Все сели. Сели и слуги, кто где стоял, многие присели на полу. Водворилось молчание. Всякой читал про себя краткую молитву, а кто не читал, тот ее мыслил или чувствовал.

Отец встал первый, крестясь взял образ, и брат опустился перед ними, на колени, поклонился в землю, приложился к образу и с рыданием упал на грудь отца. Руки батюшки дрожали. Он взял в обе руки голову сына и поцеловал ее. Затем передал образ матери нашей. Бедная, бедная матушка! Бледнее своего белого платья, дрожа как лист, шевеля побелевшими губами, стояла она, прямая и неподвижная, пред лежавшим перед образом и ею сыном. Но вот он поднялся, торопливо приложился к образу и замер на груди, его кормившей. Одно громкое рыдание огласило залу. Рыдали все, кроме обезумевшей от горя матери. Он оторвался от нее и искал глазами свою старую няню, которую заслонили теснившиеся вокруг него. Матушка угадала его взор, — поняла желание и сказала внятно с каким-то странным спокойствием:

— Няня, Марья Семеновна, благослови его, ты вторая мать.

Няня взяла образ. Никогда не видала я ее такою. Некрасивое лицо ее изменилось; глаза блестели, лицо просветлело и преобразилось. Она молилась восторженно.

Поцелуи, слезы, прерывистые слова… Все сошли за ним на крыльцо. И на крыльце те же объятия, рыдания, та же мука расставания. Он вырвался из наших объятий и прыгнул в телегу; Сидор, его молодой камердинер, утирая слезы кулаками, вскочил на облучен, ямщик взмахнул вожжами. Но вот раздался ужас внушающий стон, и лихорадочно быстро бросилась мать к телеге. Рука ее схватила руку брата. Он покрыл ее поцелуями, но она не хотела отпускать и все сильнее сжимала его руку. Батюшка подошел, положив свою руку на их сжатые руки — они разомкнулись, и рука матушки осталась в руке отца.

— С Богом! Пошел! — сказал батюшка; ямщик взмахнул вожжами, и тройка с места приняла во всю прыть.
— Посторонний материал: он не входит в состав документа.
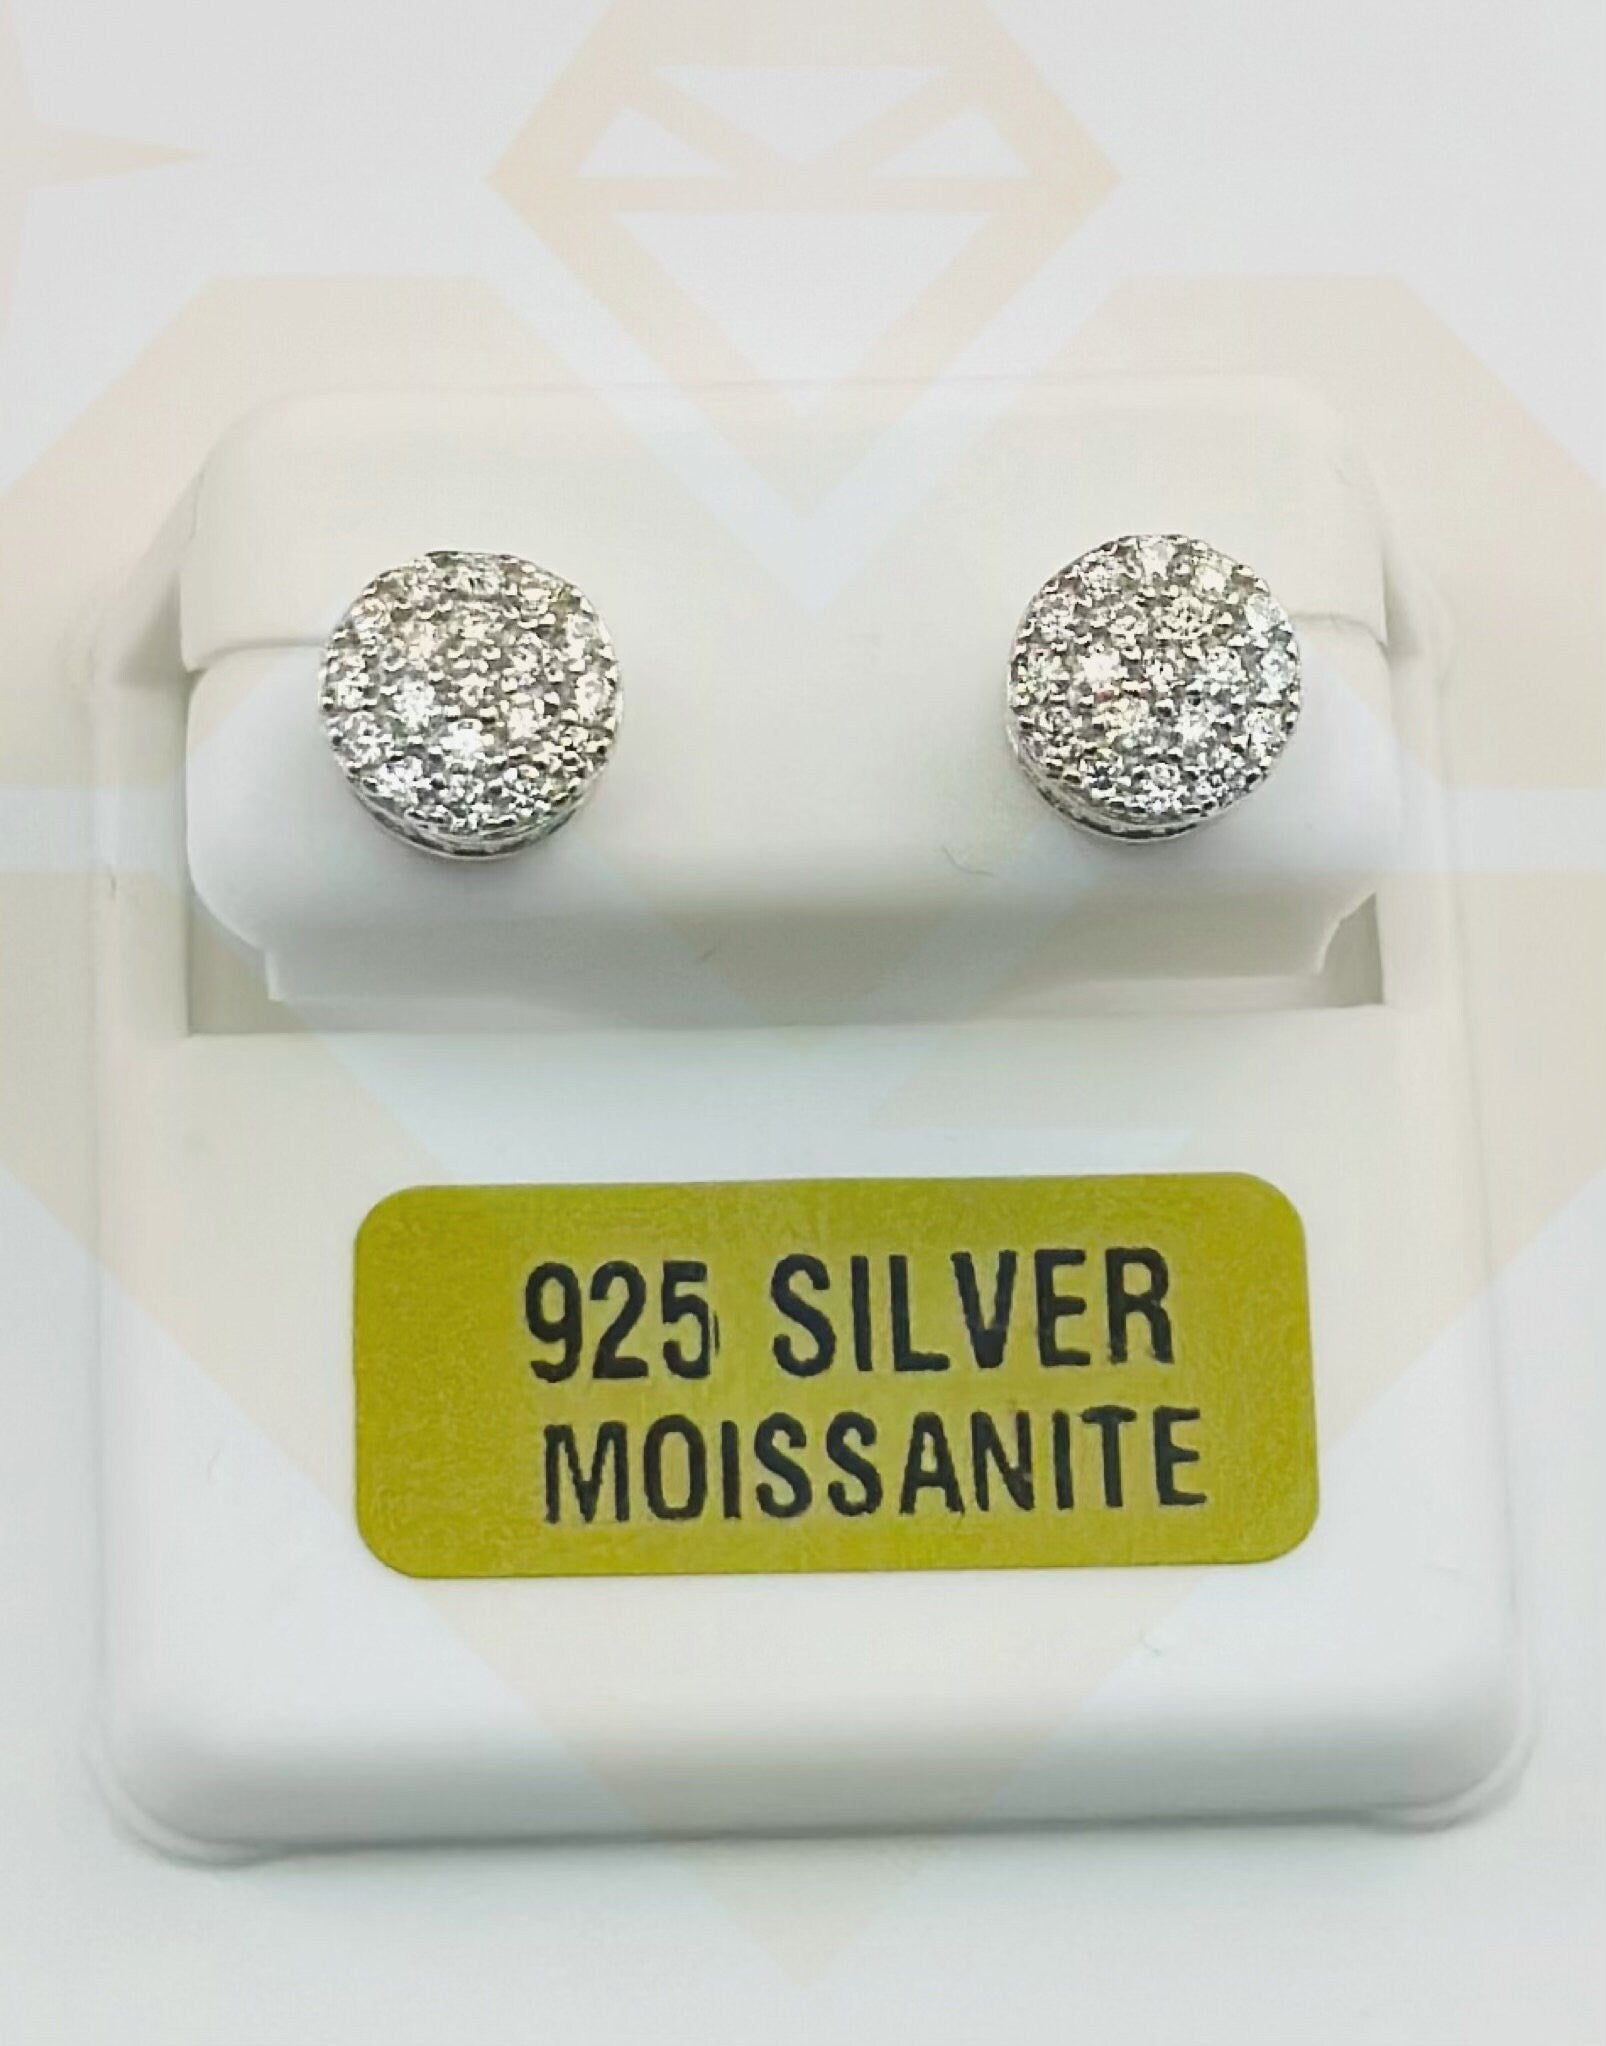 14k Gold Vermeil Diamond Earrings |VVS Studs | VVS Gra Certified | Unisex | Christmas Gift | 100% passes Diamond Testers Best gift for Him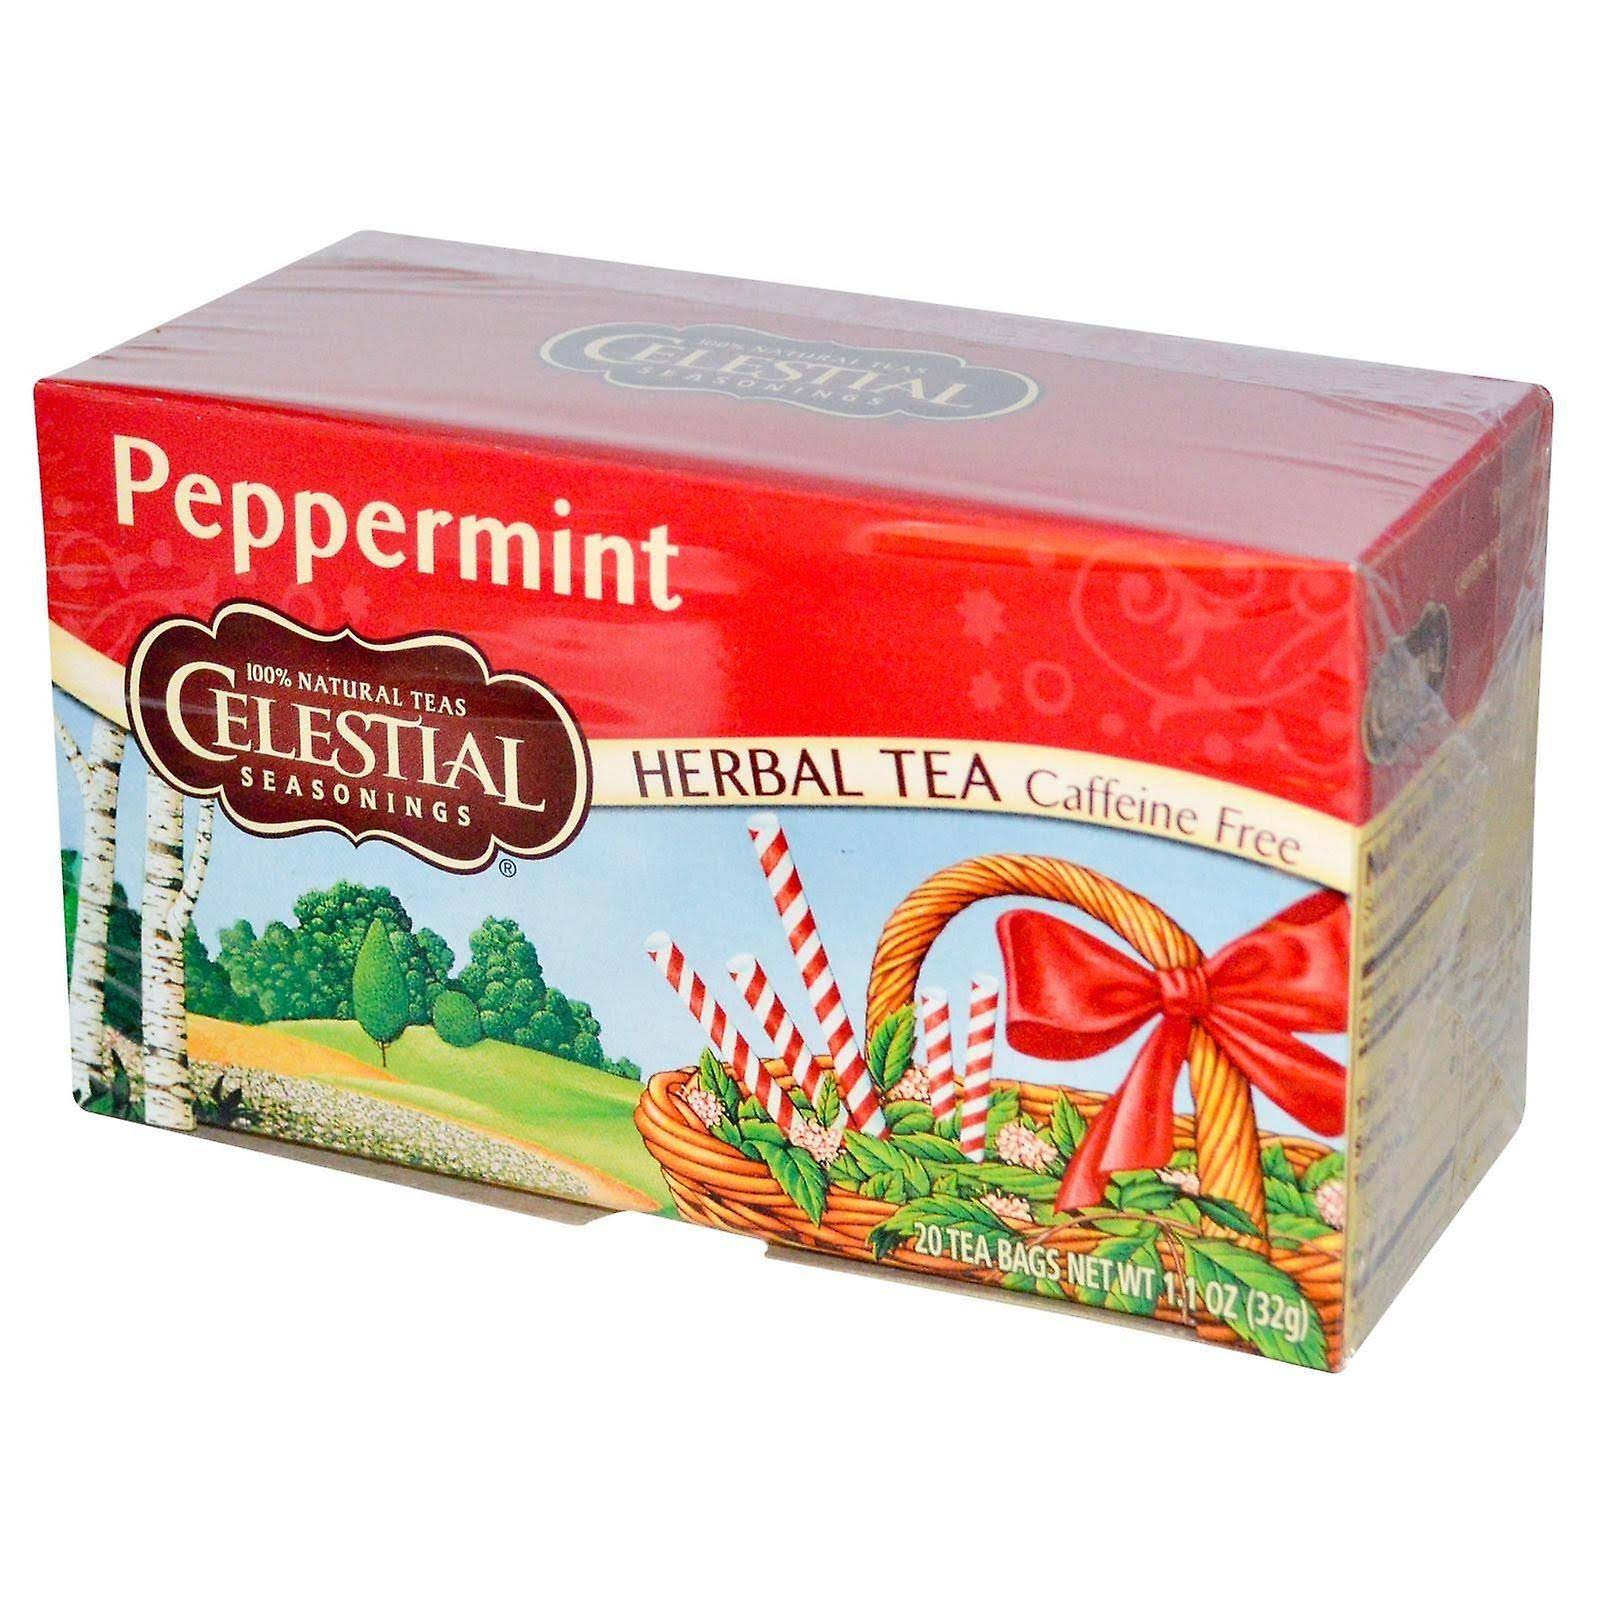 Celestial Seasonings Peppermint Herbal Tea - 1.1oz, x20

Колокольчик залился, будто заплакал; не забыть мне никогда этого щемящего звука; и телега, тройка, брат исчезли мгновенно во мраке осенней ночи, а матушка все стояла, все глядела в эту ночь, в эту мглу, где уж нет ничего, где уже и звуки удаляющейся перекладной тройки мало-помалу исчезают, замирают.

— Пойдем домой, Варенька, — сказал батюшка, второй раз называя ее так.

Она вздрогнула, будто пришла в себя, сделала два неровных шага и упала бы несомненно на крутые каменные ступени высокого крыльца, если бы он не поддержал ее. Она опустилась на его руки; он поднял ее как перо и понес вверх по лестнице. Мы пошли за ними, горько плача и держась за руки, сестра с братом и сестра с сестрою, но когда мы вошли на верх, отца и матери не было ни в столовой, ни в гостиной. Дверь их спальни была заперта, и что он говорил ей, как утешал, плакал ли с ней, молился ли, знает один Бог, да она сама. Она о том никому не говорила, но мы все заметили, что их отношения совершенно изменились с этого вечера. Она почти не оставалась с нами, льнула к нему, к нему одному, ища в нем опоры, силы, утешения!.. Они казались мне не пожилых лет супругами, а молодою любящею друг друга четою.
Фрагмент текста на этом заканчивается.